We are developing the social individualist meta-context for the future. From the very serious to the extremely frivolous... lets see what is on the mind of the Samizdata people.

Samizdata, derived from Samizdat /n. - a system of clandestine publication of banned literature in the USSR [Russ.,= self-publishing house]

Rights and wrongs

I hate sounding like a dried-up professor by insisting on going back to underlying concepts and definitions but in this case I will. One of the responses I received on my international ‘morality play’ was from Derk Lupinek and although he believes that we should attack Iraq and set up a democratic government, he didn’t think that we have any “responsibility” toward the Iraqi people.

It was his understanding of rights that intrigued me sufficiently to comment on it:

Rights are nothing but wishful thinking without the power to enforce them. The power of enforcement requires an emotional commitment on the part of many individuals. Each individual agrees to help enforce the rights of others and, in return, each individual gains the right to protection under the group’s power. The individual has this right because he contributes to the power that enforces the right. Individuals must contribute to the power that enforces rights or else they have no right to protection under that power. So, I think we can “call for freedom and progress for ourselves” and not feel obligated to kill ourselves helping other countries, especially when those people do not contribute to the preservation of our rights.

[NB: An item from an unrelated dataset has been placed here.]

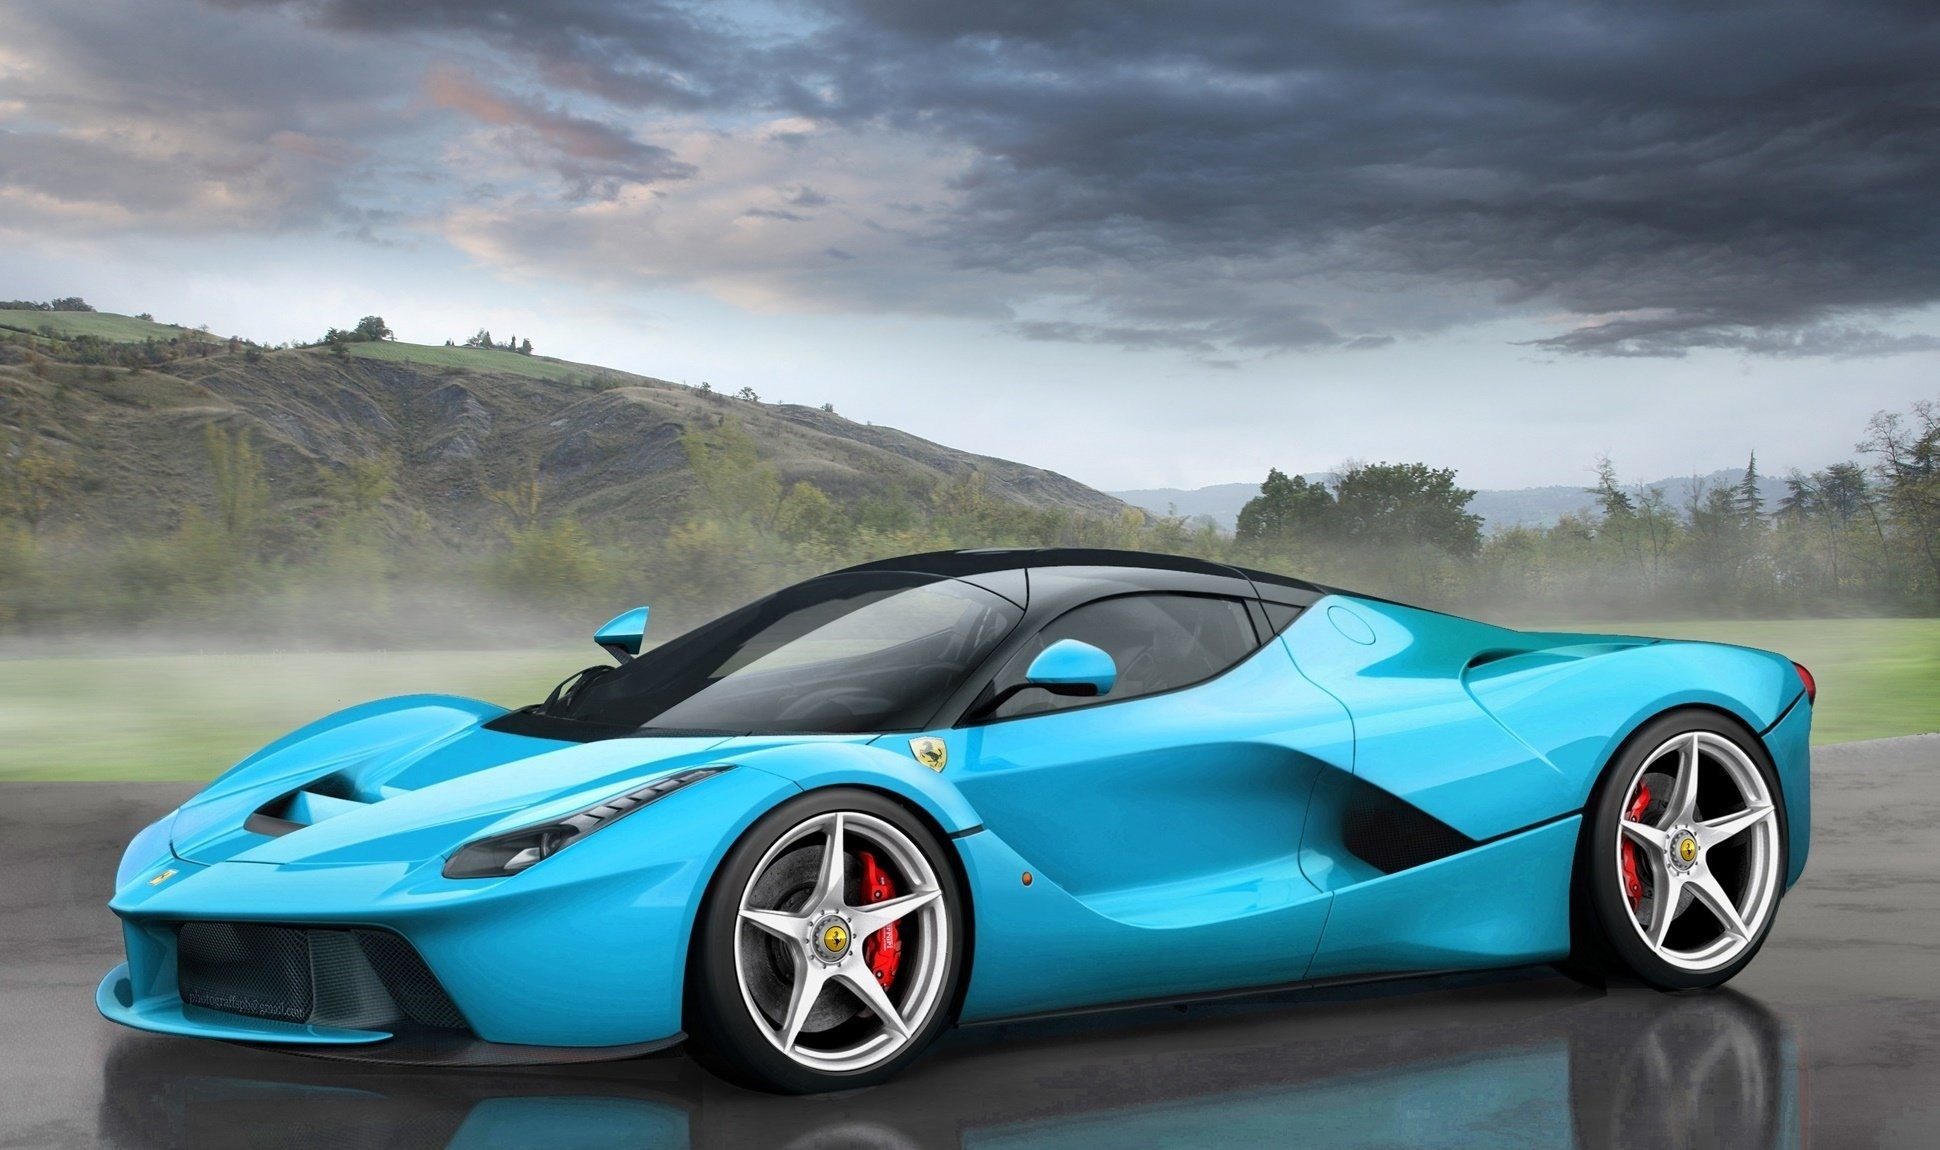 Ferrari Laferrari Wallpapers (77+ images)

I detect a category fallacy in the above paragraph. The definition of a right as wishful thinking without the power to enforce it. So does it mean that where individual’s rights are abused and often cannot be enforced, they do not exist? A right is not a right unless it is enforceable and/or enforced? Just because some people do not wash, should we deny the existence of soap on the grounds of its ineffectiveness with the unwashed?

Which leads me nicely to the various concepts of rights. There are actually three versions at play here. One is the natural rights theory, which assigns inalienable rights to an individual by his/her virtue of being a human being. I will not go into assumptions behind this one here as it is a well-worn and therefore lengthy topic, suffice to say it is the one I subscribe to. That is why I cannot agree with Derk Lupinek’s subscription-based rights, whereby individual’s rights are defined arbitrarily by and within groups of individuals, and protected by a sort of social contract enforced by mutual consent.

In my post on Western intervention in totalitarian regimes, however, I haven’t used either concept of rights, natural or positivist. I was merely thinking of the individuals trapped in totalitarian regimes who never had a choice to enter in any such agreement about either definition or protection of their rights. It is that freedom of choice I feel we have some sort of moral obligation to help them obtain. Not because they contribute to the power that enforces the right or because we are somehow legally or otherwise bound to do so.

Let me put it another way. Try to explain to a child being beaten up by a bunch of thugs, that he has no right to protection since he has not contributed to the power that enforces that right. If you can manage it, you may be consistent but not very humane.